┌─ ENTRIES PROVIDED

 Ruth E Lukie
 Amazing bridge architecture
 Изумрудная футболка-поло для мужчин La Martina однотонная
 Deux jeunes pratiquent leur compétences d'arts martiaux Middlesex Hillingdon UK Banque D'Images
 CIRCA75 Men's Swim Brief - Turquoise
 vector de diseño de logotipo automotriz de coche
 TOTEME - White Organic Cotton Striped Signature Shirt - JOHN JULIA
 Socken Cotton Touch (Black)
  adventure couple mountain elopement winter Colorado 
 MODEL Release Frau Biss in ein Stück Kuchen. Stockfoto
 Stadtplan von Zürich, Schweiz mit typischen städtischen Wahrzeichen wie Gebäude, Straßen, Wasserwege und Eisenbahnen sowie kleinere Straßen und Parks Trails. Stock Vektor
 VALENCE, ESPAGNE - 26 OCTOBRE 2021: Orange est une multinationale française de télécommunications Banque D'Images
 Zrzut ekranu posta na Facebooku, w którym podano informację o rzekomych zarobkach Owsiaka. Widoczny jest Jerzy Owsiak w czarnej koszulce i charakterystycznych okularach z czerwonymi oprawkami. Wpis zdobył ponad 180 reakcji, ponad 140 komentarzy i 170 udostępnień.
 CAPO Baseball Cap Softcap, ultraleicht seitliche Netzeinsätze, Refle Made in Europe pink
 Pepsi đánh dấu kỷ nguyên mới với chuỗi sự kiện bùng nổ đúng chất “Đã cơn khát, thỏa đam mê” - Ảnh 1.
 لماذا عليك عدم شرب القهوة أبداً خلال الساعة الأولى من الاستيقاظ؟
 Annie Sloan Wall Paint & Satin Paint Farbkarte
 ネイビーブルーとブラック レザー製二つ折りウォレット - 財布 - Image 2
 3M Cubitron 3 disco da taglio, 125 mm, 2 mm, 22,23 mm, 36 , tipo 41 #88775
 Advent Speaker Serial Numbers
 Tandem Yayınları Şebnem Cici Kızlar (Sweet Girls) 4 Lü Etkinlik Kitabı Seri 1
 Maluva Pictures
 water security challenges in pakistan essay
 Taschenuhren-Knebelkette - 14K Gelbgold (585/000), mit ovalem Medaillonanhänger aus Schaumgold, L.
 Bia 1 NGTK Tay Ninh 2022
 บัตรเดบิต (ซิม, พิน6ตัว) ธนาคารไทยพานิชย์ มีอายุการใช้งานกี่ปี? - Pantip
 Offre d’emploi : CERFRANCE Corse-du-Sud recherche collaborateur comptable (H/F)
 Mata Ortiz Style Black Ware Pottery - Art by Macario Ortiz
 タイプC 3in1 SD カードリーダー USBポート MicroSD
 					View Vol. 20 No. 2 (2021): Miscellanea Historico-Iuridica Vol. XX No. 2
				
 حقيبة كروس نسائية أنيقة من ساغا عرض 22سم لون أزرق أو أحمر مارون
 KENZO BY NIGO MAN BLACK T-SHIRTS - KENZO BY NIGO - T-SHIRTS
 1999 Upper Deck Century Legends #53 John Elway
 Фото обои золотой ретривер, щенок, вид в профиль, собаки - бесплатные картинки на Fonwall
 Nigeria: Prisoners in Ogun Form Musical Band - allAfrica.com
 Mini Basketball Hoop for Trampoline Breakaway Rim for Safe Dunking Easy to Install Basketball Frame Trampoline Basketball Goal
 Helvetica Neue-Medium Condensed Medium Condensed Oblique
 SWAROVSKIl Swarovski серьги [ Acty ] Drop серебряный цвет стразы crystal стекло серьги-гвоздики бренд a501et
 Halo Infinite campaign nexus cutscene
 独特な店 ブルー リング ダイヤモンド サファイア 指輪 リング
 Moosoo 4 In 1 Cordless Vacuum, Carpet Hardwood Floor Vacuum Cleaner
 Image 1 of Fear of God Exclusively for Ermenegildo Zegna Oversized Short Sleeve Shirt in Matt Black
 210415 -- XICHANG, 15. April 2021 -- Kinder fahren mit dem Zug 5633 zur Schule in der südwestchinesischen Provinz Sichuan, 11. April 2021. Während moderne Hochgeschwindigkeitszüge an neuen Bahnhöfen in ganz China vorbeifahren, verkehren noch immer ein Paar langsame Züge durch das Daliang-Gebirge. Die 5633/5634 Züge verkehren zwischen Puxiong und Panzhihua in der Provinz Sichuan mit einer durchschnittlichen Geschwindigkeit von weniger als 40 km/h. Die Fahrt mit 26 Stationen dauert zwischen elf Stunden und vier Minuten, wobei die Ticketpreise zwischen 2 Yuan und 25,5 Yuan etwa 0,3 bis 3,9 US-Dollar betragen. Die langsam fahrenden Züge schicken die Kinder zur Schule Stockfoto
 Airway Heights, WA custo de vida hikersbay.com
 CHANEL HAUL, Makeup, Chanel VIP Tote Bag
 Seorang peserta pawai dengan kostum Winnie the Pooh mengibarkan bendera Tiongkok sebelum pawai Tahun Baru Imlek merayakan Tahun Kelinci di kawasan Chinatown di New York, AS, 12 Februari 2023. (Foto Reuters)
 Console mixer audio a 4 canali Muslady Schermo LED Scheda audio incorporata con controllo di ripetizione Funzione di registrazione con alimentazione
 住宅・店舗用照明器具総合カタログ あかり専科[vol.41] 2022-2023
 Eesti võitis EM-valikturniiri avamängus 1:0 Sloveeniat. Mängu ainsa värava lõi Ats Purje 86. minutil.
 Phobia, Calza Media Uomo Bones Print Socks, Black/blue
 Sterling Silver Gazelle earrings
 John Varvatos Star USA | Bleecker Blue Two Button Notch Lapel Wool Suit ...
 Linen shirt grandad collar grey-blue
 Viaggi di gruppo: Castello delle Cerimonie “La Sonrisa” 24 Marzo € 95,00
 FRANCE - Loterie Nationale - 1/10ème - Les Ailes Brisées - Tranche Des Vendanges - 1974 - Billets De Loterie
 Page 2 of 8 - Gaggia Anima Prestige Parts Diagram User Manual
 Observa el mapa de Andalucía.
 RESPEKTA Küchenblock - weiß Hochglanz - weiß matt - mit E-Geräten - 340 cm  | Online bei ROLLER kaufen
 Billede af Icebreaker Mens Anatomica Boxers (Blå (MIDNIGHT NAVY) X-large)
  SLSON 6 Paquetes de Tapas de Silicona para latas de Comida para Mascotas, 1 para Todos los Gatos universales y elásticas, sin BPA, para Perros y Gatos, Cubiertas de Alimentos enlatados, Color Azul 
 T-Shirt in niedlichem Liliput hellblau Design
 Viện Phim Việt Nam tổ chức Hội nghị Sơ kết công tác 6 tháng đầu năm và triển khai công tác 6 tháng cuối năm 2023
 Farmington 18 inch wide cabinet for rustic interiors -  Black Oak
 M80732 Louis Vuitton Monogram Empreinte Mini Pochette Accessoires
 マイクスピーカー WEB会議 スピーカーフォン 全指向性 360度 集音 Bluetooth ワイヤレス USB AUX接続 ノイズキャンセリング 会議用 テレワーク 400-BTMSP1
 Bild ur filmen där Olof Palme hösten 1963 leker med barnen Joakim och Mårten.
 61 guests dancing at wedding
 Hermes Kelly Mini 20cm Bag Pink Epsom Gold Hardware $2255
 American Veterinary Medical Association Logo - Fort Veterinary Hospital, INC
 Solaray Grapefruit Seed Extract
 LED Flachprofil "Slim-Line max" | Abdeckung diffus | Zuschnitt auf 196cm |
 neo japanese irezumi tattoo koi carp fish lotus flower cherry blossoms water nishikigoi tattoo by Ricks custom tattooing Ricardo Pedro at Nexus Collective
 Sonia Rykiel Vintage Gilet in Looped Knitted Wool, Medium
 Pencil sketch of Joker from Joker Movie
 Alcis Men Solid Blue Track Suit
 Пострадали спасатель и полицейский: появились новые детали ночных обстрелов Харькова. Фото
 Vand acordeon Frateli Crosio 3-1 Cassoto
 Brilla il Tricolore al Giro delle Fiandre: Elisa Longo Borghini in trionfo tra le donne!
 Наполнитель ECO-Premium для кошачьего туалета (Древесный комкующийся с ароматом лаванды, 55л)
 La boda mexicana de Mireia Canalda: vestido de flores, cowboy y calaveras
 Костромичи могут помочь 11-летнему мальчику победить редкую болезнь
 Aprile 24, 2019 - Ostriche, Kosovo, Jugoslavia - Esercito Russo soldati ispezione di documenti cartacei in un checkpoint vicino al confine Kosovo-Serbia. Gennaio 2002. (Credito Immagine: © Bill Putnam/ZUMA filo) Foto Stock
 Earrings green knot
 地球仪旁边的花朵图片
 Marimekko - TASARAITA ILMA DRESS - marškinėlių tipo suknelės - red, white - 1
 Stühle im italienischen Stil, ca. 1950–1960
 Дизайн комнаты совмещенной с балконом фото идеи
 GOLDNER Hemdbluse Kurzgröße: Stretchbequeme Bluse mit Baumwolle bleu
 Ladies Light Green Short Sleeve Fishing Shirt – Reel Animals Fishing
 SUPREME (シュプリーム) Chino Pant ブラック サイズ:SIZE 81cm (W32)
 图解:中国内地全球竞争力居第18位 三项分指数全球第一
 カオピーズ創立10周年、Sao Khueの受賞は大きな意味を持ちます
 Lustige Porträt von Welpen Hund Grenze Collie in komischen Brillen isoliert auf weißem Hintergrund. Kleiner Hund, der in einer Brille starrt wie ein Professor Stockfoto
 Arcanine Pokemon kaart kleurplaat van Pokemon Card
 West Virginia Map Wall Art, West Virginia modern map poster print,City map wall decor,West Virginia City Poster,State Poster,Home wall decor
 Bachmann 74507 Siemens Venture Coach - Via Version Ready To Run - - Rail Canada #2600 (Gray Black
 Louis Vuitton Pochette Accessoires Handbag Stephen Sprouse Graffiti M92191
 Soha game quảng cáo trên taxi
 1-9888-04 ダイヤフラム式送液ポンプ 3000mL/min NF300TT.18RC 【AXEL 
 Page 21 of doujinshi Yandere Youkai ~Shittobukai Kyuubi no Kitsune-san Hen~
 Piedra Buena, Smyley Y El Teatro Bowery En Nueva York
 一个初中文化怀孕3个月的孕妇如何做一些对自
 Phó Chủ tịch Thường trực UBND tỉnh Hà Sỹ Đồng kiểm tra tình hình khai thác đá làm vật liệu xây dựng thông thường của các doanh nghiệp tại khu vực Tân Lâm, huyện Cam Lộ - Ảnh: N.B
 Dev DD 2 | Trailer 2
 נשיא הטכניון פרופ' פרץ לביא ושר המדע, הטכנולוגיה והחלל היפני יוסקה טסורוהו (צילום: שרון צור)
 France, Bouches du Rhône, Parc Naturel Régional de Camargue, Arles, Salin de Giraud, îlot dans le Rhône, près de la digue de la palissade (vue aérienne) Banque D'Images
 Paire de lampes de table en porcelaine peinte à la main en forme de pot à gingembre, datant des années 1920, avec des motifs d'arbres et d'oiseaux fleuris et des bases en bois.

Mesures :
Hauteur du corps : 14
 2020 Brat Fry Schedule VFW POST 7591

└─

## [REQUIRED WORK]
In the material above, find the line containing "Ladies Light Green" and the line containing "カオピーズ創立10周年、Sao Khueの受賞は大きな意味を持ちます", then write out exactly those two lines and every line between them, and nothing more.

## [RESPONSE AREA]
 Ladies Light Green Short Sleeve Fishing Shirt – Reel Animals Fishing
 SUPREME (シュプリーム) Chino Pant ブラック サイズ:SIZE 81cm (W32)
 图解:中国内地全球竞争力居第18位 三项分指数全球第一
 カオピーズ創立10周年、Sao Khueの受賞は大きな意味を持ちます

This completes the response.